**Task to complete**. Return every record in full. Match each one exactly.

**Supplied records**.
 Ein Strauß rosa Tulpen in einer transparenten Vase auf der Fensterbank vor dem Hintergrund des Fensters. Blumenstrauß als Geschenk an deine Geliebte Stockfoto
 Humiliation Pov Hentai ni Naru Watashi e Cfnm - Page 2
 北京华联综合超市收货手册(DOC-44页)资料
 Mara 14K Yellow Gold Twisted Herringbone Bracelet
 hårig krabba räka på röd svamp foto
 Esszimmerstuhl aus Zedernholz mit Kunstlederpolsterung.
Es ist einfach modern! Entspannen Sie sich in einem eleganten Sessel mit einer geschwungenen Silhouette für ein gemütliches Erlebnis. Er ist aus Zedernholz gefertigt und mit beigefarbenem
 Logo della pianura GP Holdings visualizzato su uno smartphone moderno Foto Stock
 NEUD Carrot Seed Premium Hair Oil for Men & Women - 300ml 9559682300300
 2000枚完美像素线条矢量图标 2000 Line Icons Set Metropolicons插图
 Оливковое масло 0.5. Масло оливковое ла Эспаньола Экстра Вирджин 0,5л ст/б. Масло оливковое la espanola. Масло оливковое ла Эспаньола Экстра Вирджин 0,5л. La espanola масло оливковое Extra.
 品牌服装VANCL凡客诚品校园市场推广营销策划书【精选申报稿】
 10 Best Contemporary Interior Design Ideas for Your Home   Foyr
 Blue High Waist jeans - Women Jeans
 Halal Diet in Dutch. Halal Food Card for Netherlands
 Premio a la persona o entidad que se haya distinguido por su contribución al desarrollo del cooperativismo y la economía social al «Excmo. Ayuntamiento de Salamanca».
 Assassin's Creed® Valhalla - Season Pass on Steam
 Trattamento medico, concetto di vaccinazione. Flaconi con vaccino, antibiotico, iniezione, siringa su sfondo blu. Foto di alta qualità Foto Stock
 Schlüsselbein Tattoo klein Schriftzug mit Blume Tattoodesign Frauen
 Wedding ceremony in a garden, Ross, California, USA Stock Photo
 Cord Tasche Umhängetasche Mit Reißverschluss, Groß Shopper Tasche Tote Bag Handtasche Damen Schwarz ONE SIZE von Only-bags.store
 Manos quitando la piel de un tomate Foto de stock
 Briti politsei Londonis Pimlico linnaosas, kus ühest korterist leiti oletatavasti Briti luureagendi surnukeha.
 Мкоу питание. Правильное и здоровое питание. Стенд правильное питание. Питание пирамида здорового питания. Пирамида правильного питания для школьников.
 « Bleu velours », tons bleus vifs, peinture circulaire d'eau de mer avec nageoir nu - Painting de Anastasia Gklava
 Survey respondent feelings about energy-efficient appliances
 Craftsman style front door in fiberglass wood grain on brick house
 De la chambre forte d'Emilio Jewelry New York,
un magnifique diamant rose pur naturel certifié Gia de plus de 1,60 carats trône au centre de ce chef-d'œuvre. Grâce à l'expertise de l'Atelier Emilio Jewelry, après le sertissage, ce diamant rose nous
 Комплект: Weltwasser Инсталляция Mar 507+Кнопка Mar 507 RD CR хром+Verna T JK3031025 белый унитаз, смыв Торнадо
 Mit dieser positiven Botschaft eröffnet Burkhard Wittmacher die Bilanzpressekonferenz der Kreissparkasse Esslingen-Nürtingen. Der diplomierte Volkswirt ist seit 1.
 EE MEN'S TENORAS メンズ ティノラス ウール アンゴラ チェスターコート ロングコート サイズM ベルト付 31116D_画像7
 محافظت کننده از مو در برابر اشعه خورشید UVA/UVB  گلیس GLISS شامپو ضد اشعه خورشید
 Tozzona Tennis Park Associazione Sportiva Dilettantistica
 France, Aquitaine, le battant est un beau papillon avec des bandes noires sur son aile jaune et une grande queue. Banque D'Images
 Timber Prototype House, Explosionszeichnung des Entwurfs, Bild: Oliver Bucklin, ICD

**Task solution**.
 Ein Strauß rosa Tulpen in einer transparenten Vase auf der Fensterbank vor dem Hintergrund des Fensters. Blumenstrauß als Geschenk an deine Geliebte Stockfoto
 Humiliation Pov Hentai ni Naru Watashi e Cfnm - Page 2
 北京华联综合超市收货手册(DOC-44页)资料
 Mara 14K Yellow Gold Twisted Herringbone Bracelet
 hårig krabba räka på röd svamp foto
 Esszimmerstuhl aus Zedernholz mit Kunstlederpolsterung.
Es ist einfach modern! Entspannen Sie sich in einem eleganten Sessel mit einer geschwungenen Silhouette für ein gemütliches Erlebnis. Er ist aus Zedernholz gefertigt und mit beigefarbenem
 Logo della pianura GP Holdings visualizzato su uno smartphone moderno Foto Stock
 NEUD Carrot Seed Premium Hair Oil for Men & Women - 300ml 9559682300300
 2000枚完美像素线条矢量图标 2000 Line Icons Set Metropolicons插图
 Оливковое масло 0.5. Масло оливковое ла Эспаньола Экстра Вирджин 0,5л ст/б. Масло оливковое la espanola. Масло оливковое ла Эспаньола Экстра Вирджин 0,5л. La espanola масло оливковое Extra.
 品牌服装VANCL凡客诚品校园市场推广营销策划书【精选申报稿】
 10 Best Contemporary Interior Design Ideas for Your Home   Foyr
 Blue High Waist jeans - Women Jeans
 Halal Diet in Dutch. Halal Food Card for Netherlands
 Premio a la persona o entidad que se haya distinguido por su contribución al desarrollo del cooperativismo y la economía social al «Excmo. Ayuntamiento de Salamanca».
 Assassin's Creed® Valhalla - Season Pass on Steam
 Trattamento medico, concetto di vaccinazione. Flaconi con vaccino, antibiotico, iniezione, siringa su sfondo blu. Foto di alta qualità Foto Stock
 Schlüsselbein Tattoo klein Schriftzug mit Blume Tattoodesign Frauen
 Wedding ceremony in a garden, Ross, California, USA Stock Photo
 Cord Tasche Umhängetasche Mit Reißverschluss, Groß Shopper Tasche Tote Bag Handtasche Damen Schwarz ONE SIZE von Only-bags.store
 Manos quitando la piel de un tomate Foto de stock
 Briti politsei Londonis Pimlico linnaosas, kus ühest korterist leiti oletatavasti Briti luureagendi surnukeha.
 Мкоу питание. Правильное и здоровое питание. Стенд правильное питание. Питание пирамида здорового питания. Пирамида правильного питания для школьников.
 « Bleu velours », tons bleus vifs, peinture circulaire d'eau de mer avec nageoir nu - Painting de Anastasia Gklava
 Survey respondent feelings about energy-efficient appliances
 Craftsman style front door in fiberglass wood grain on brick house
 De la chambre forte d'Emilio Jewelry New York,
un magnifique diamant rose pur naturel certifié Gia de plus de 1,60 carats trône au centre de ce chef-d'œuvre. Grâce à l'expertise de l'Atelier Emilio Jewelry, après le sertissage, ce diamant rose nous
 Комплект: Weltwasser Инсталляция Mar 507+Кнопка Mar 507 RD CR хром+Verna T JK3031025 белый унитаз, смыв Торнадо
 Mit dieser positiven Botschaft eröffnet Burkhard Wittmacher die Bilanzpressekonferenz der Kreissparkasse Esslingen-Nürtingen. Der diplomierte Volkswirt ist seit 1.
 EE MEN'S TENORAS メンズ ティノラス ウール アンゴラ チェスターコート ロングコート サイズM ベルト付 31116D_画像7
 محافظت کننده از مو در برابر اشعه خورشید UVA/UVB  گلیس GLISS شامپو ضد اشعه خورشید
 Tozzona Tennis Park Associazione Sportiva Dilettantistica
 France, Aquitaine, le battant est un beau papillon avec des bandes noires sur son aile jaune et une grande queue. Banque D'Images
 Timber Prototype House, Explosionszeichnung des Entwurfs, Bild: Oliver Bucklin, ICD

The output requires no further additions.